貸金業者は必ず都道府県や財務局で貸金業の「登録」をしなければなりません。無登録で貸金業を営むと貸金業法違反となり、「10年以下の懲役または3000万円以下の罰金刑」という重い刑罰が課されます。貸金業登録せずに違法営業している貸金業者は、いわゆる「闇金」です。
また貸金業者が債務者から取り立てを行う方法も規制しています。たとえば以下のような取り立てを行うと貸金業法違反となります。
- 深夜や早朝の電話や訪問
- 自宅へ取り立てに行ったときに「帰ってほしい」と言われたのに退去せず居座る
- チラシや立て看板などで「金返せ」などと掲示して嫌がらせを行う
- 正当な理由なしに勤務先へ督促
- 支払い義務のない親族などの第三者へ督促、あるいは断られているのにしつこく債権回収の協力を求める
- 弁護士や司法書士が介入した後に本人に督促する
利息制限法とは
利息制限法は、お金を貸し付けるときに適用される「金利」の上限を定める法律です。
貸金業者に限らず個人が貸し付ける際にも適用されます。
具体的には以下の金利が上限となります。
- 元本が10万円未満…年利20%
- 元本が10万円以上100万円未満…年利18%
- 元本が100万円以上…年利15%
上限金利を超える利息は無効となるので、上限を超えて支払われた利息は、利用者へ返還しなければなりません。これが「過払い金請求」です。

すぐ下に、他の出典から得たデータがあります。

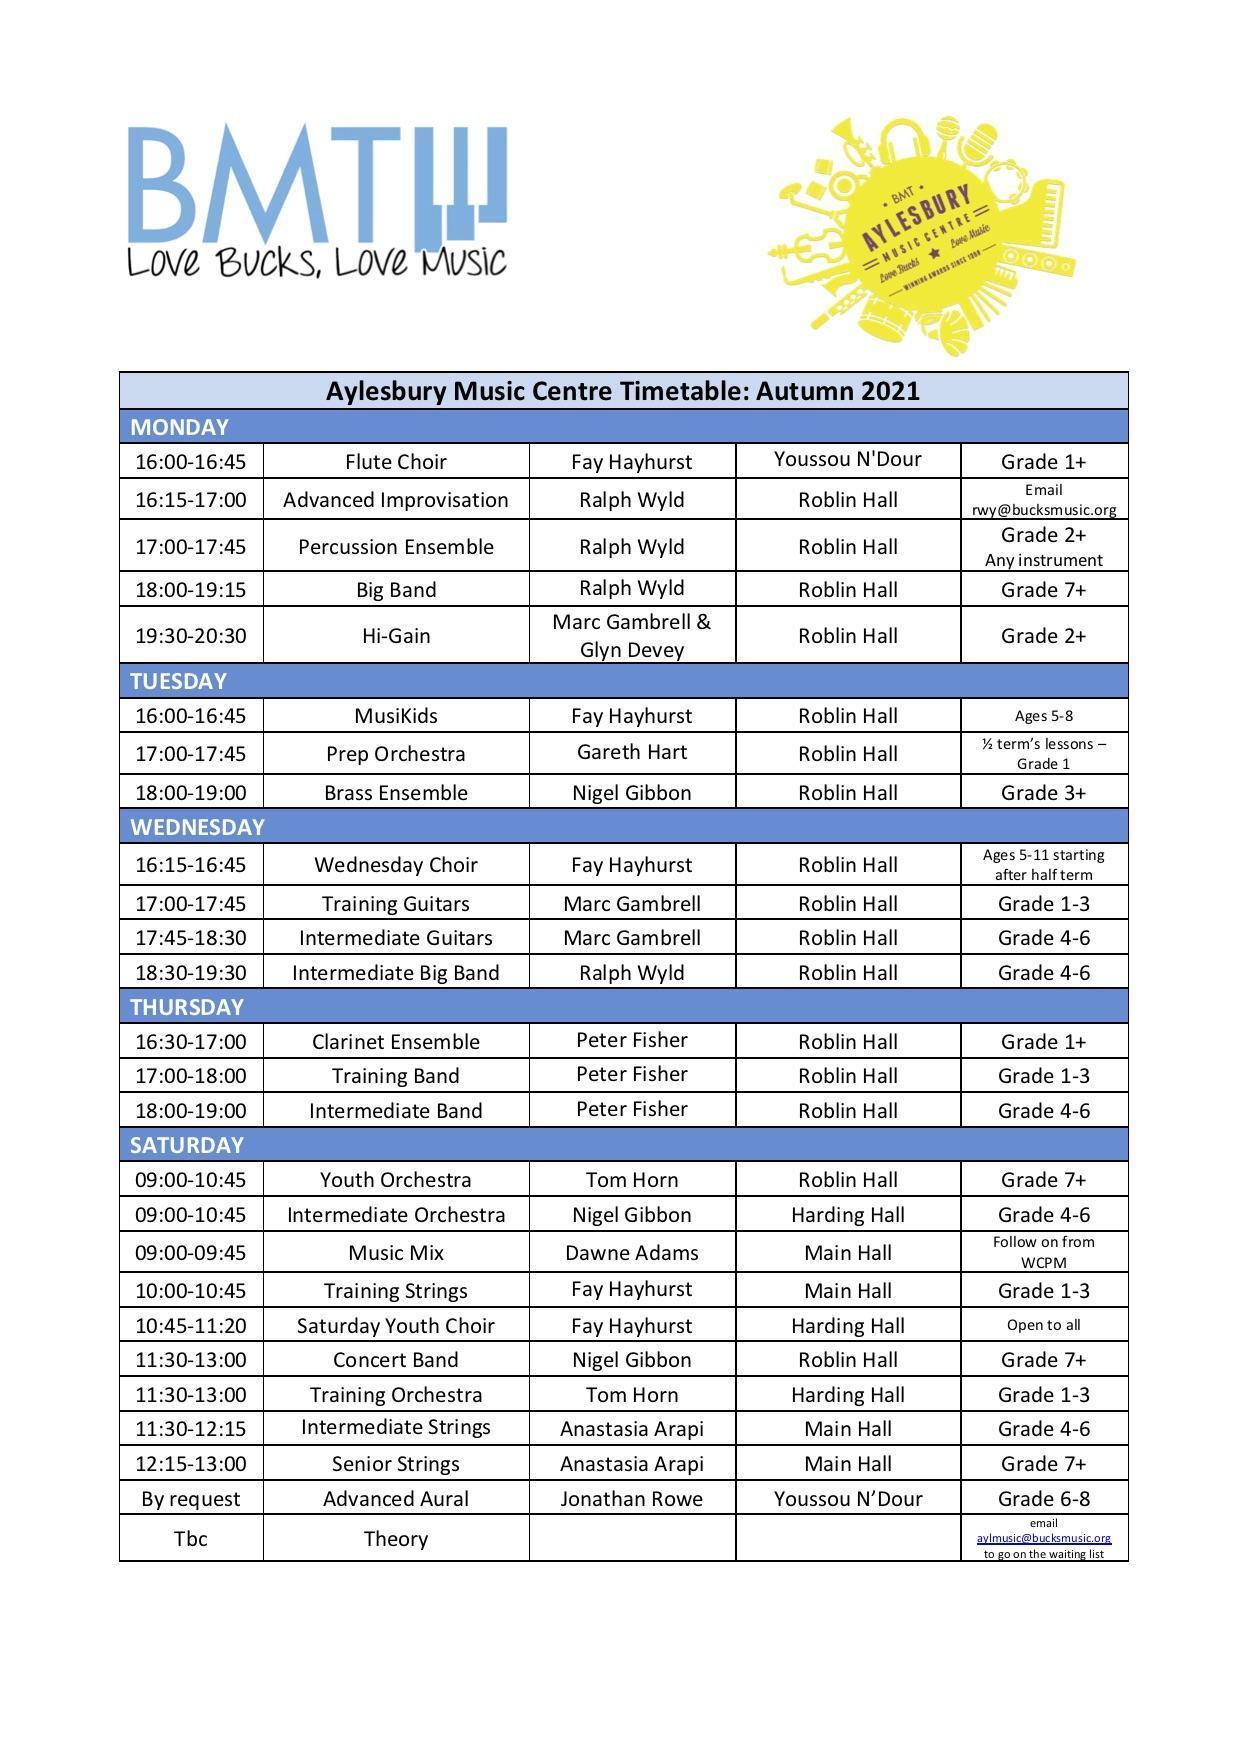 AyMC Centre Timetable Autumn 2021

なお利息制限法に罰則はないため、上限金利を超えて貸付をしても刑事罰はありません。
出資法とは
出資法は出資や預り金、金利などを取り締まる法律です。出資法には刑事罰が定められているので、出資法を超える利率で貸付をすると逮捕され、懲役や罰金などの刑罰を適用される可能性があります。
出資法は基本的に「年利109.5%」を超える金利で貸付をしたら罰則を適用する、と規定しています。
貸金業者の場合の特則
貸金業者の場合には特則があり、「年利20%」を超える金利で貸付をすると罰則が適用されます。
刑罰は5年以下の懲役若しくは1000万円以下の罰金あるいはそれらの併科です。また貸金業者が年利109.5%を超える高金利で貸付を行った場合には刑罰が加重され、10年以下の懲役または3000万円以下の罰金刑あるいはそれらの併科となります。
ファクタリング取引に貸金業法、利息制限法、出資法は適用されない
貸金業者は必ず貸金業登録をしなければならず、年利20%を超える利率で貸付をすると逮捕されて刑事罰を受ける可能性があります。利息制限法も適用されるので、超過する利率で貸付をすると無効となり、利用会社からの過払い金請求に対応しなければなりません。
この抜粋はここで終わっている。